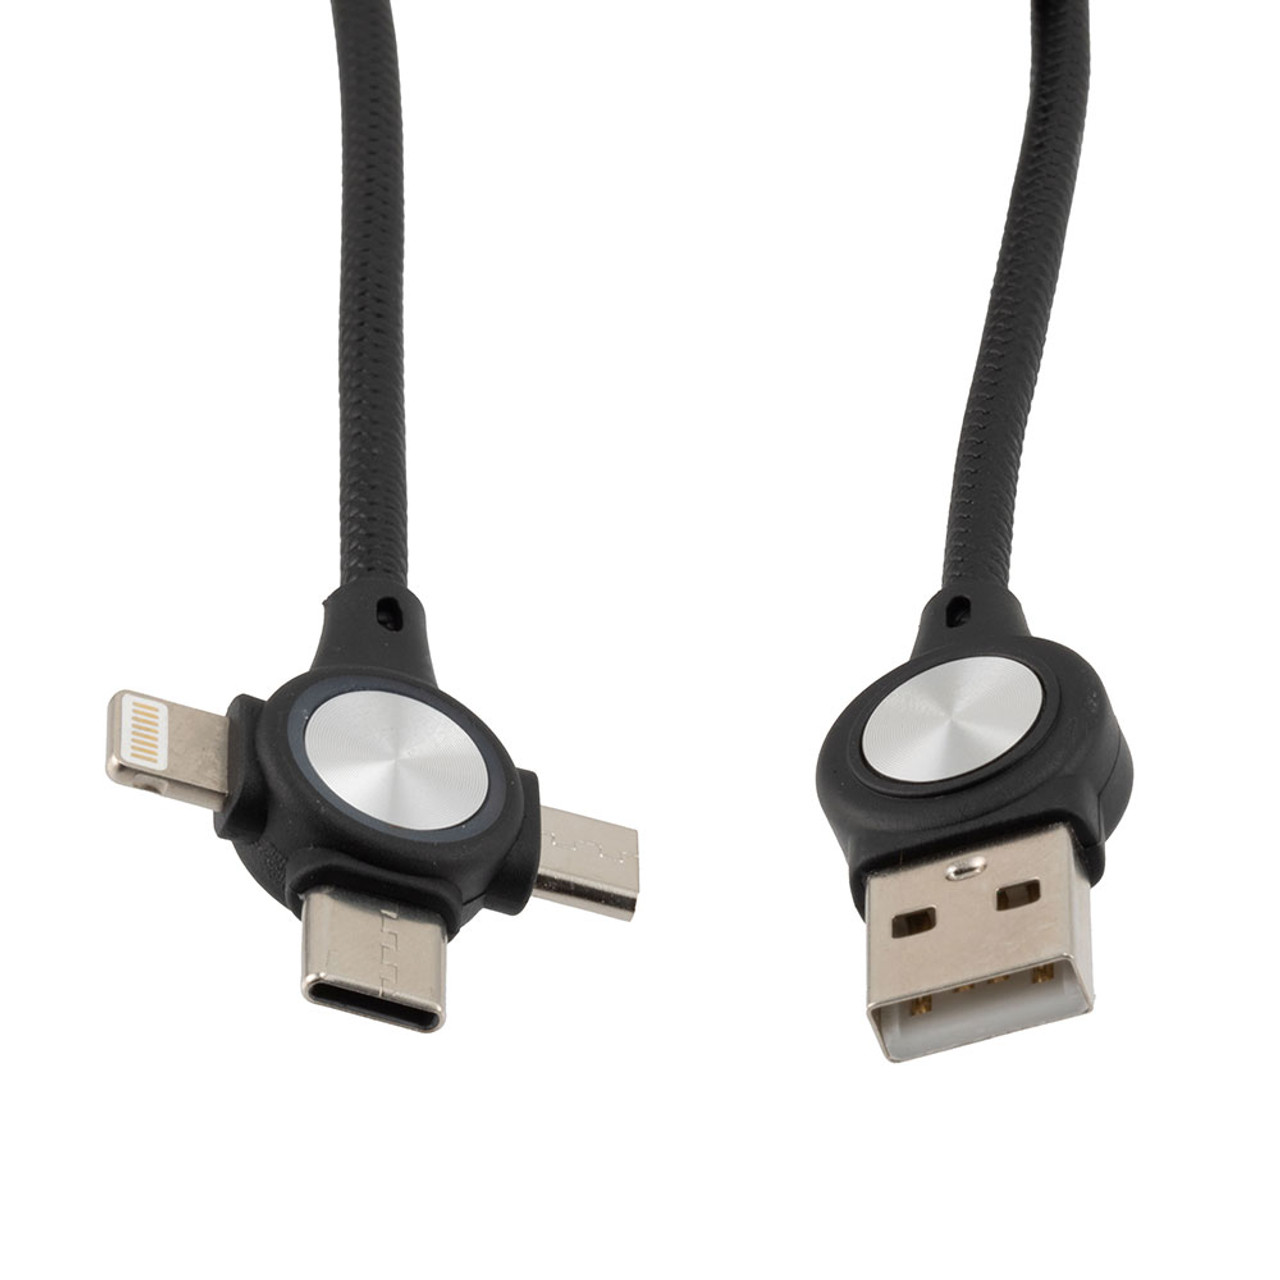 NavePoint USB 2.0 PVC Nylon Braided Cable, Black, USB A Male to Type C/Micro/Lightning Compatible, 1 Foot Coil
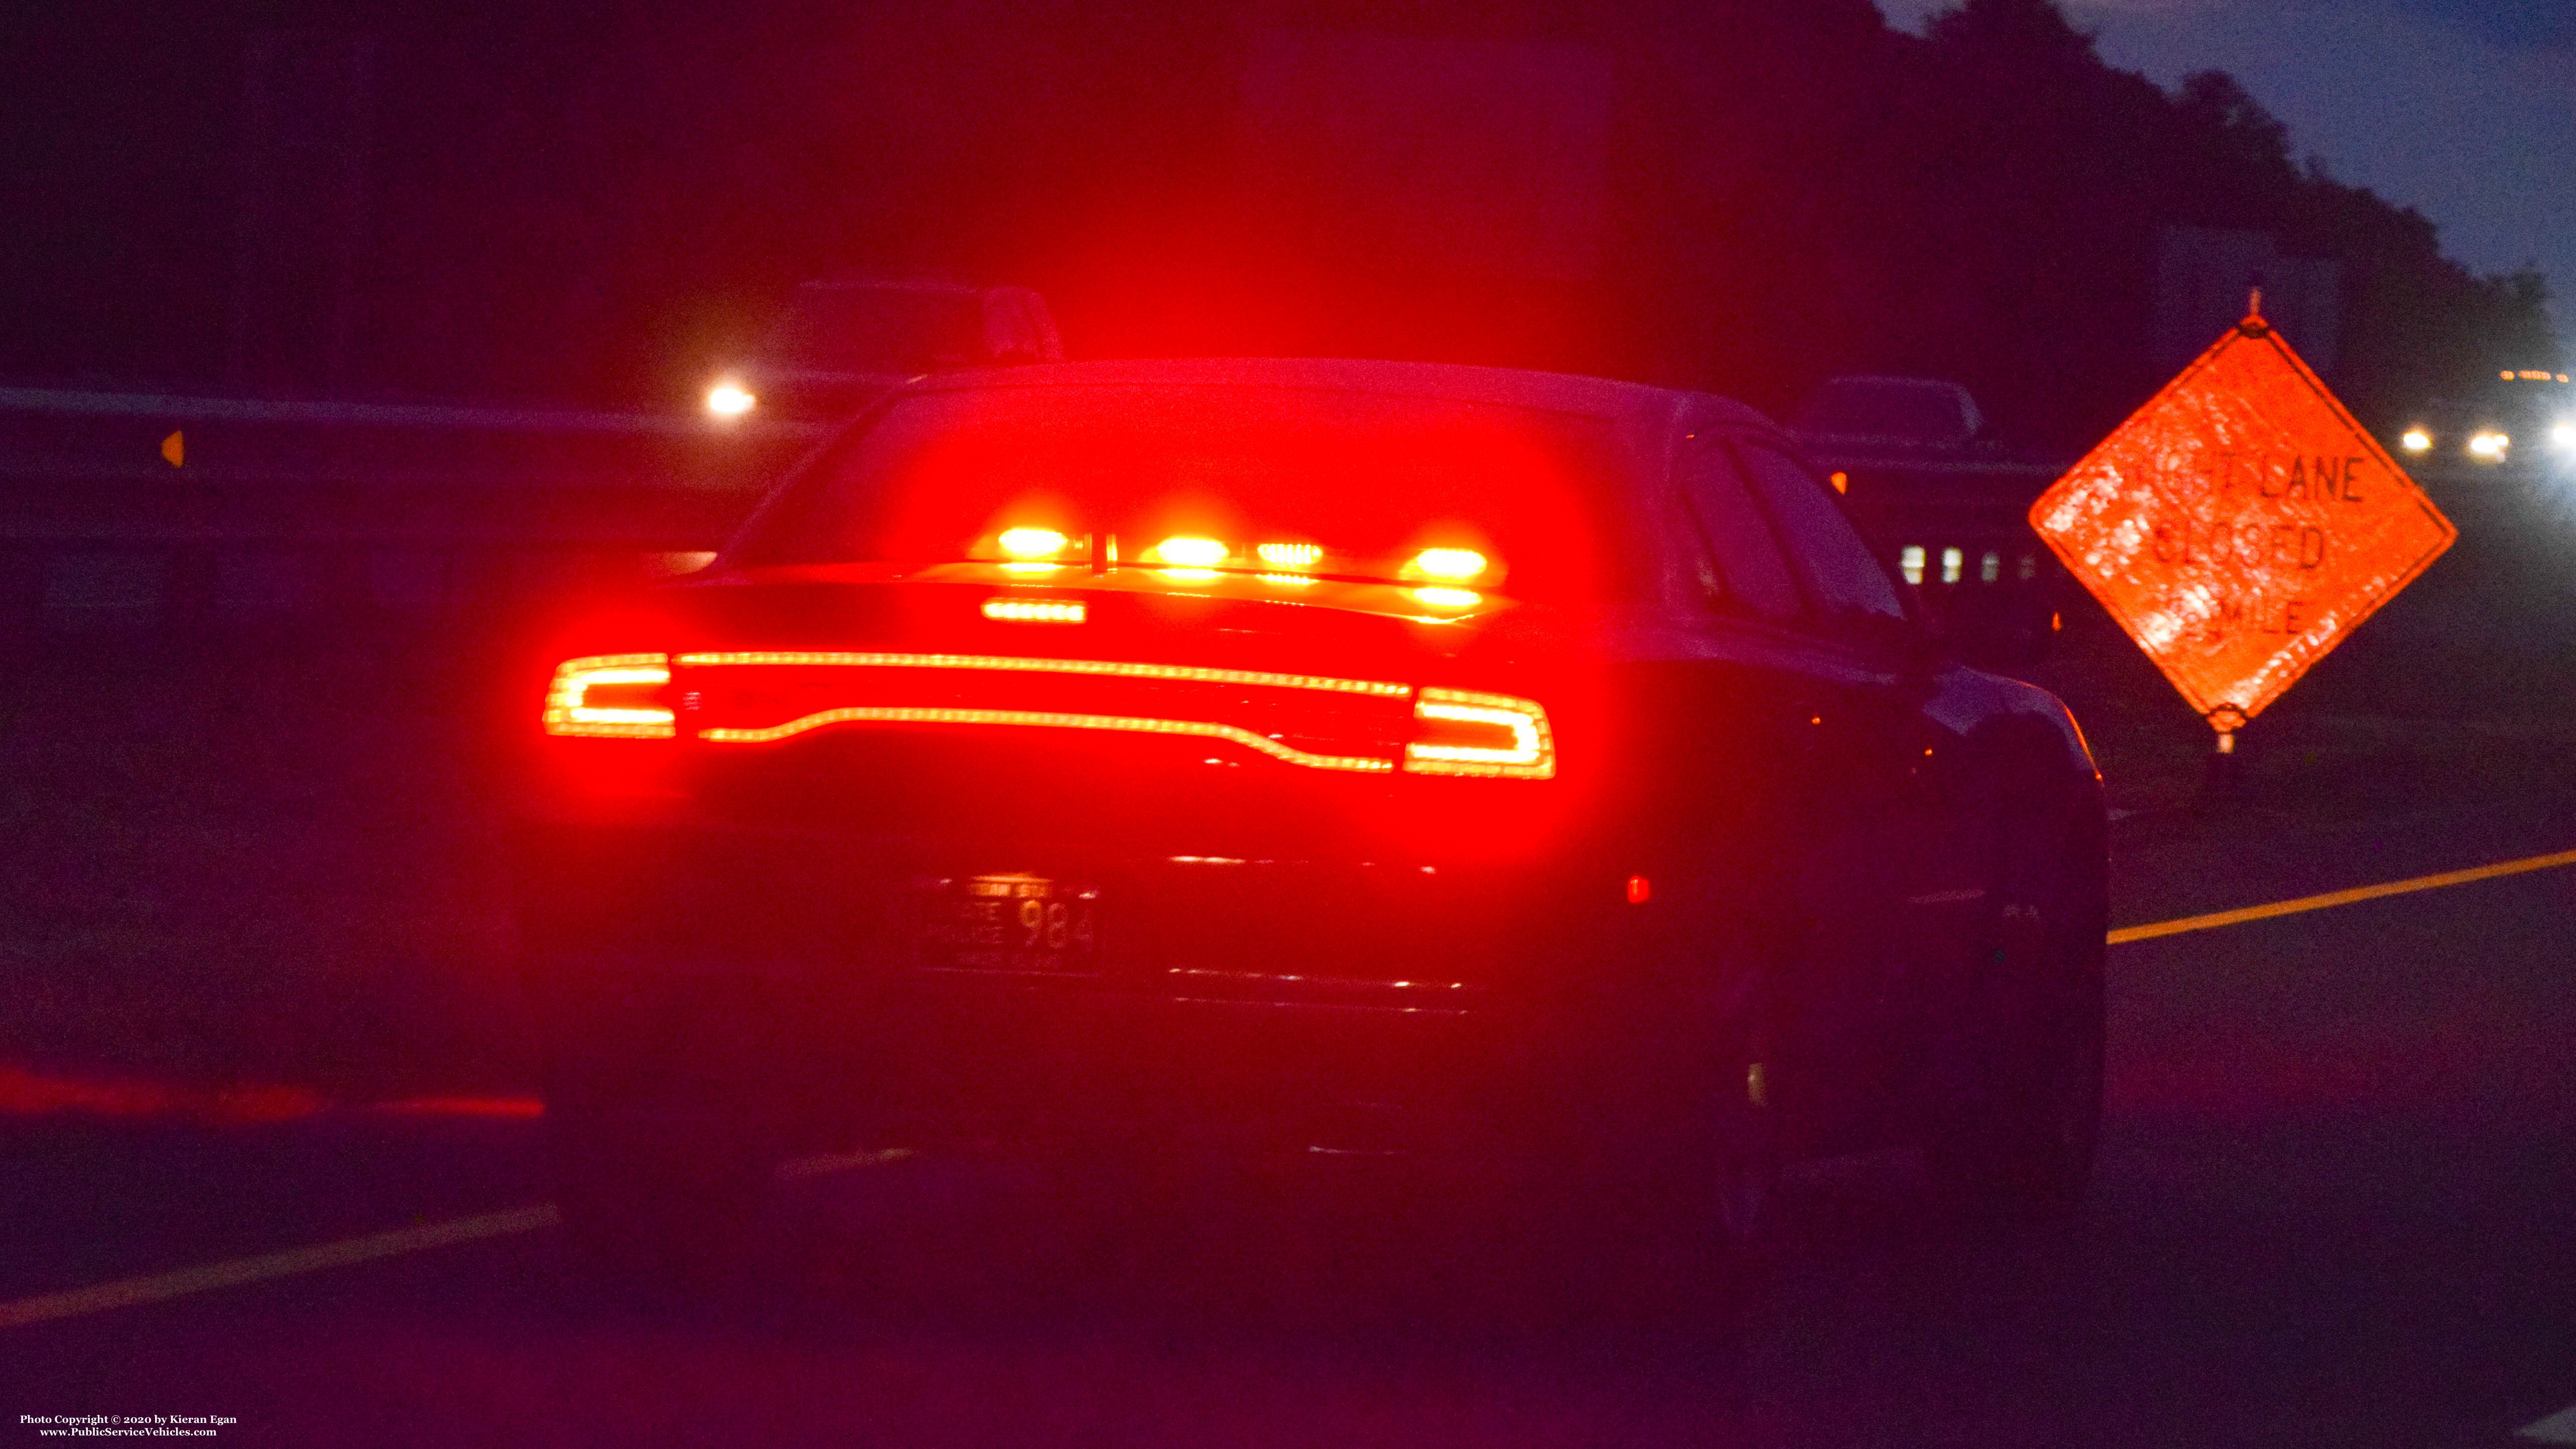 A photo  of Rhode Island State Police
            Cruiser 984, a 2013 Dodge Charger             taken by Kieran Egan

* Directions for this task
Write out the whole listing again, exactly, with no pictures.

* Answer area
 NavePoint USB 2.0 PVC Nylon Braided Cable, Black, USB A Male to Type C/Micro/Lightning Compatible, 1 Foot Coil
 A photo  of Rhode Island State Police
            Cruiser 984, a 2013 Dodge Charger             taken by Kieran Egan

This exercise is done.